- [About this exercise]
Your response to the data below should hold nothing except the lines from the one containing "Print Ad Design" down to the one containing "dc46a64f937d LeBron Soldier", reproduced exactly and without pictures.

- [Supplied data]
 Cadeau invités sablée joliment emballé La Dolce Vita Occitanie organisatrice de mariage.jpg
* * *
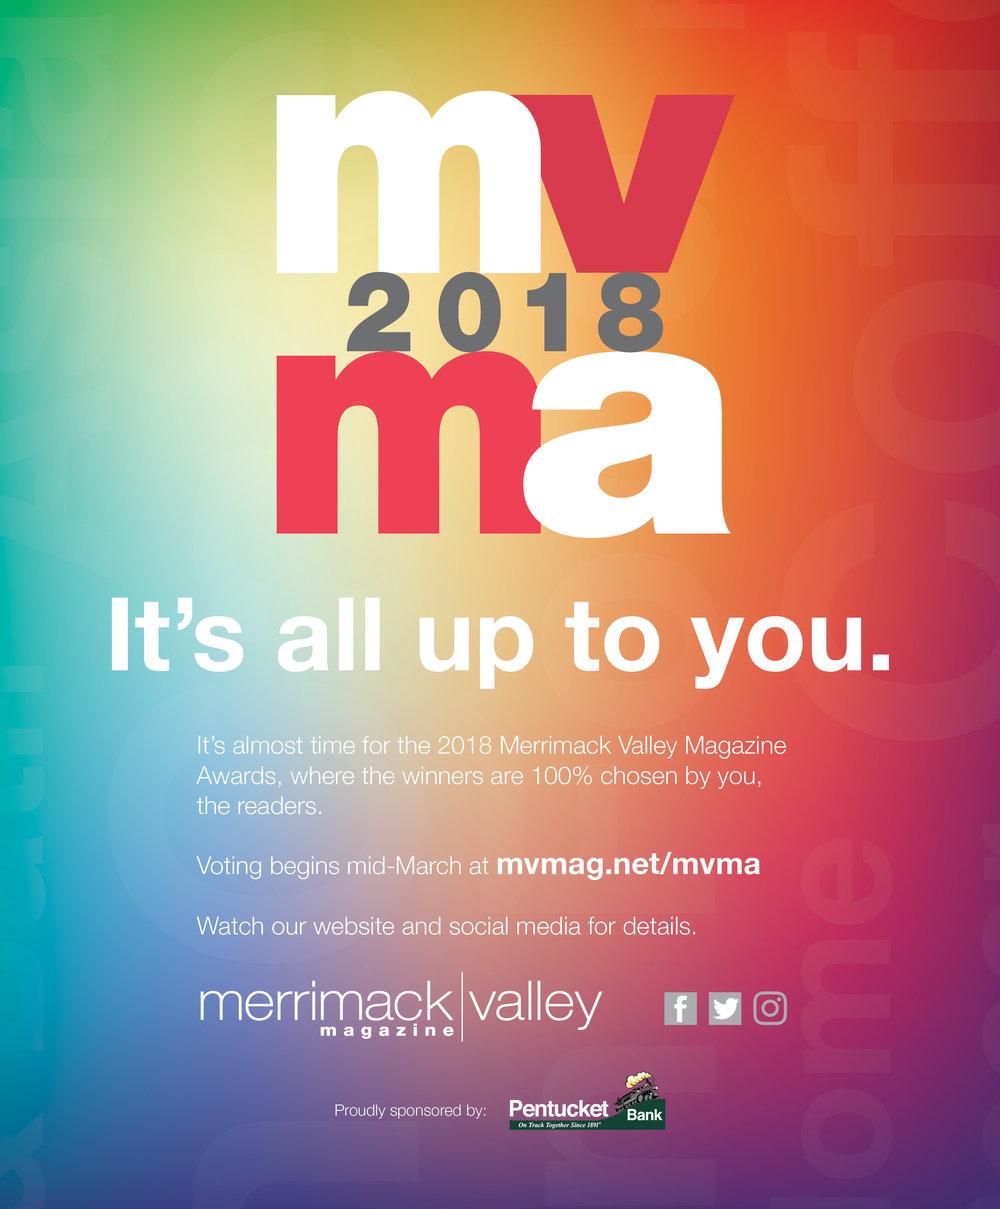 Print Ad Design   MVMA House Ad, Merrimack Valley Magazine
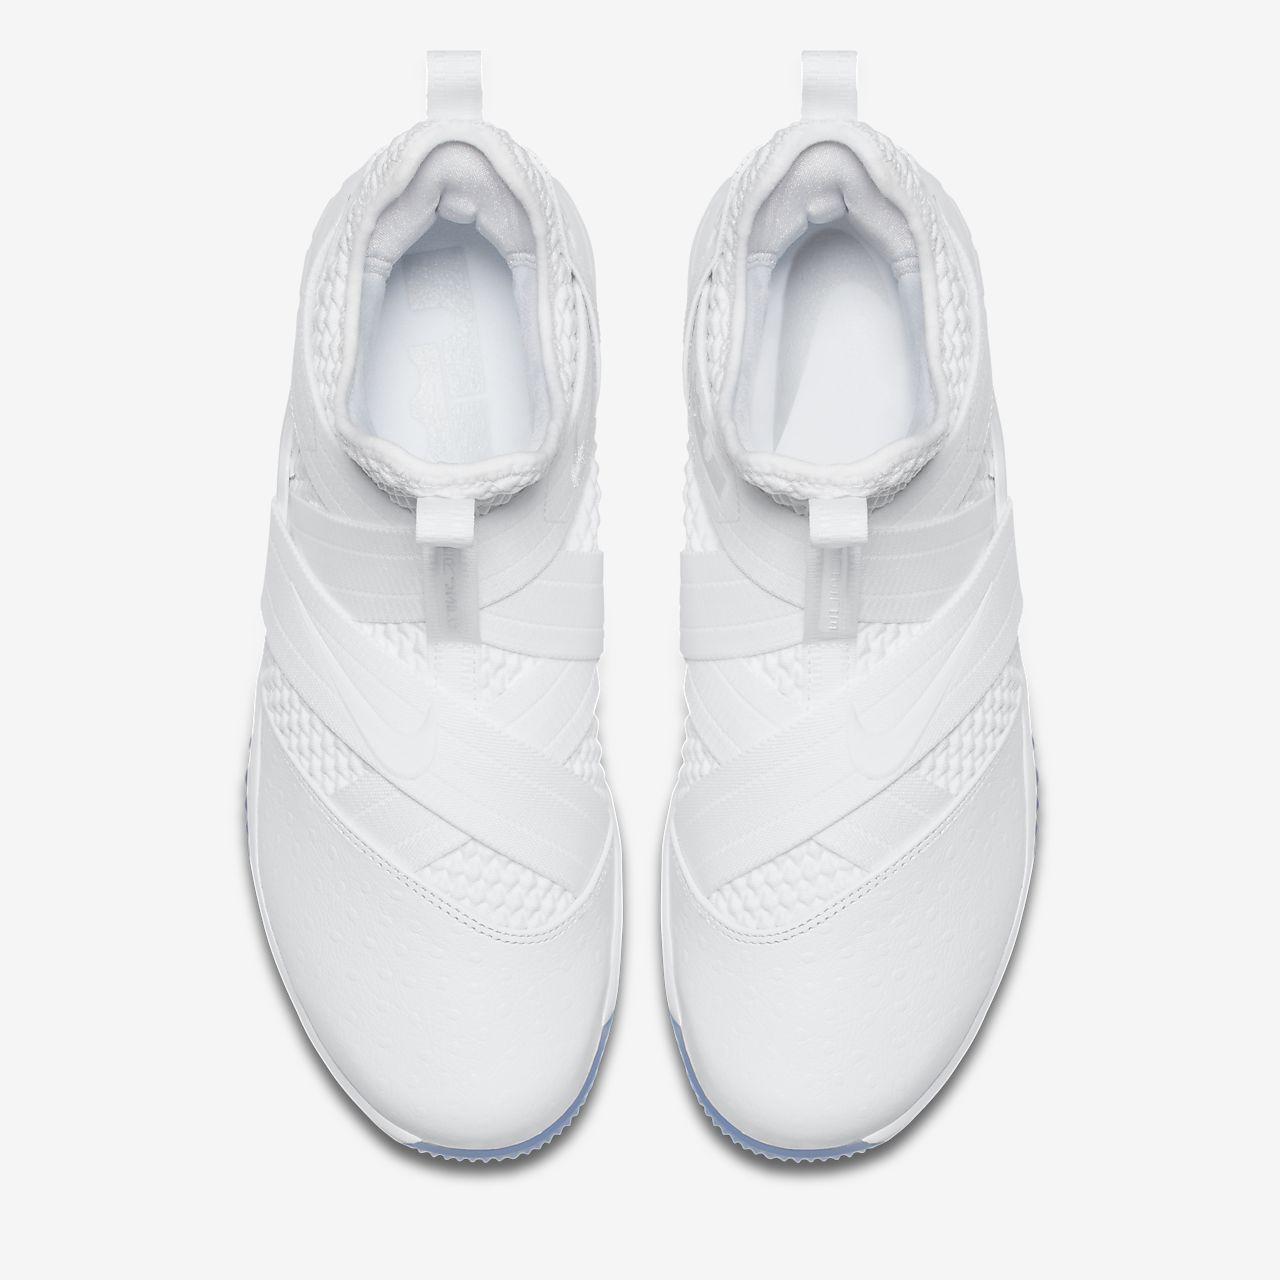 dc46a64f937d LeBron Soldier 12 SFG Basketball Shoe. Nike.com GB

- [Completed exercise]
 Print Ad Design   MVMA House Ad, Merrimack Valley Magazine
 dc46a64f937d LeBron Soldier 12 SFG Basketball Shoe. Nike.com GB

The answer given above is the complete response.